Francisco Claudio Alvez

Marques é coordenador do Grupo de Pesquisa Cultura Popular e Tradição Oral: Vertentes, que busca investigar elementos da cultura popular europeia e africana em diferentes manifestações populares brasileiras: na literatura oral/popular, na Literatura de Cordel, nos modos de dizer, na religiosidade popular, nas festas tradicionais, no teatro, na música etc.
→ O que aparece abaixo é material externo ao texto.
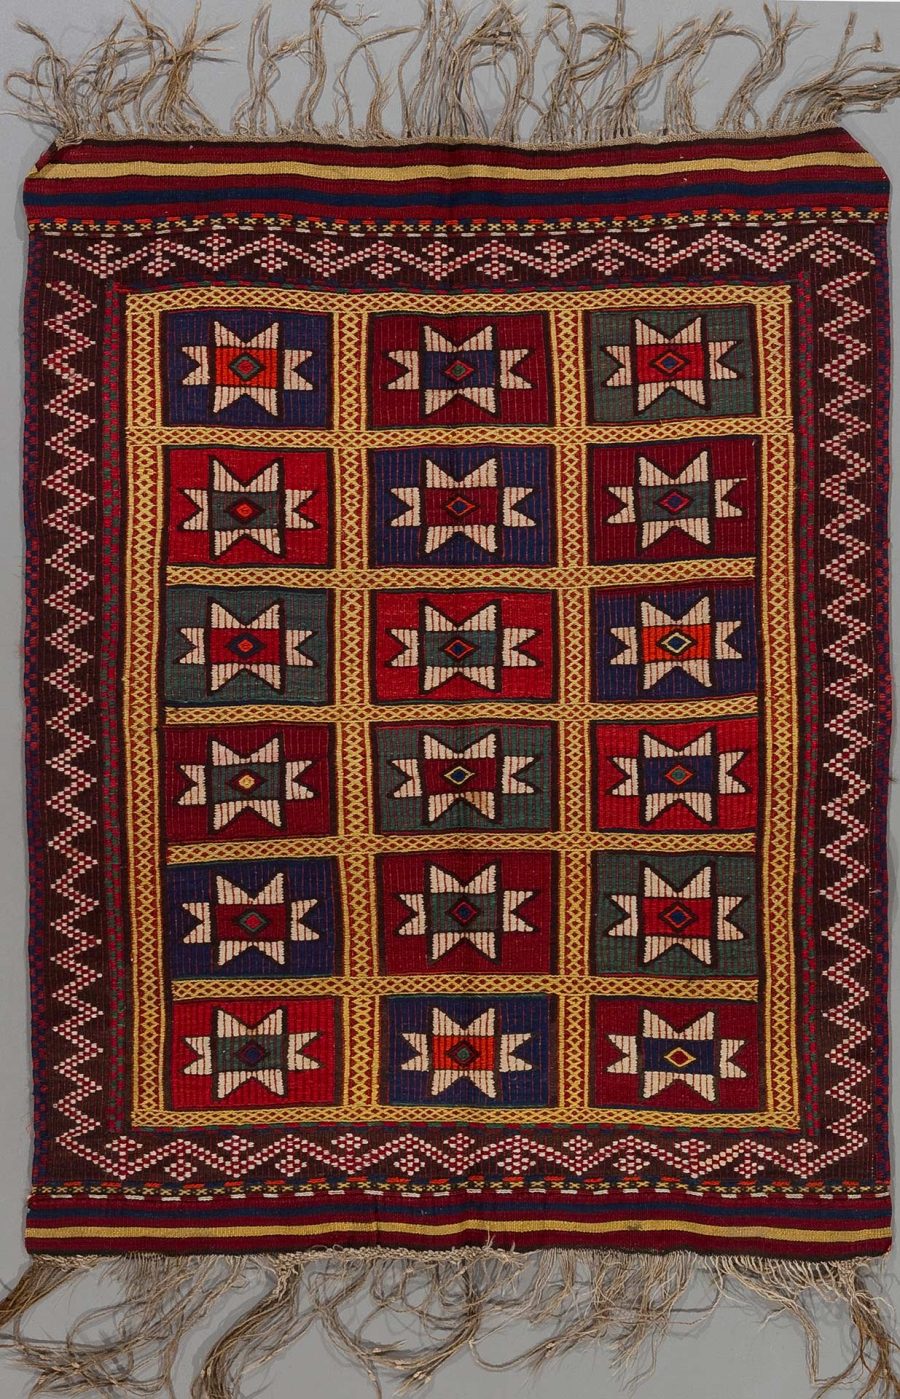 Traditioneller handgewebter Teppich mit Fransen und geometrischem Muster in Rot-, Blau-, Grün- und Beigetönen auf dunklem Grund.

Aqui, no Brasil, a literatura de cordel só aportou no século 19. No Rio de Janeiro, havia várias lojas que vendiam cordéis produzidos em Portugal. No entanto, com o surgimento dos jornais, eles desapareceram da então capital federal do Brasil ao mesmo tempo em que ganharam leitores no Nordeste, em especial no interior, onde as comunidades não tinham acesso a livros nem a jornais. “A partir de 1896, as narrativas de cordel portuguesas começaram a ser adaptadas pelos poetas pioneiros do cordel impresso no Nordeste. Entre eles, José Galdino da Silva Duda, Leandro Gomes de Barros, João Martins de Ataíde e Francisco das Chagas Batista”, diz Marques. “Histórias do romanceiro ibérico, em prosa ou verso, passaram a ser divulgadas entre o sertão e as capitais nordestinas no formato de folhetos impressos em sextilhas e décimas, sendo que a prosa não prosperou entre os nordestinos”. Entre os sucessos, estão os folhetos João da Cruz, Imperatriz Porcina, Donzela Teodora, Pedro Malasartes, Pedro Cem, Carlos Magno, Roberto do Diabo.

Segundo o professor, a partir do final do século 19, muitas dessas histórias já eram do conhecimento dos cantadores do sertão, que as ajustavam aos acordes de suas violas e rabecas. Eles também cantavam novas narrativas em saraus à luz de lampião. Quando a rádio e a tevê, entre as décadas de 1950 e 1960, se expandiram para todo o País, chegando ao Nordeste, o cordel parecia ameaçado.

“Ocorre que o cordel se reinventou, adotando temas mais universais e de interesse da população brasileira”, analisa Marques. Arievaldo e Klévisson Viana continuaram a tradição de narrar em verso. Mulheres como Dalinha Catunda e Josenir Lacerda também entraram nesse universo antes dominado pelos homens. Jarid Arraes, com os 15 cordéis da coleção Heroínas Negras Brasileiras, e Bráulio Bessa, cearense que canta o sertão, segundo o professor, “com a grandeza de Patativa do Assaré”, são alguns destaques da geração atual.

“Hoje, muitos poetas têm formação acadêmica e continuam com a produção de folhetos a todo vapor. O cordel ganhou o Brasil e despertou o interesse da academia, que passou a encará-lo como uma vertente fértil da literatura brasileira”.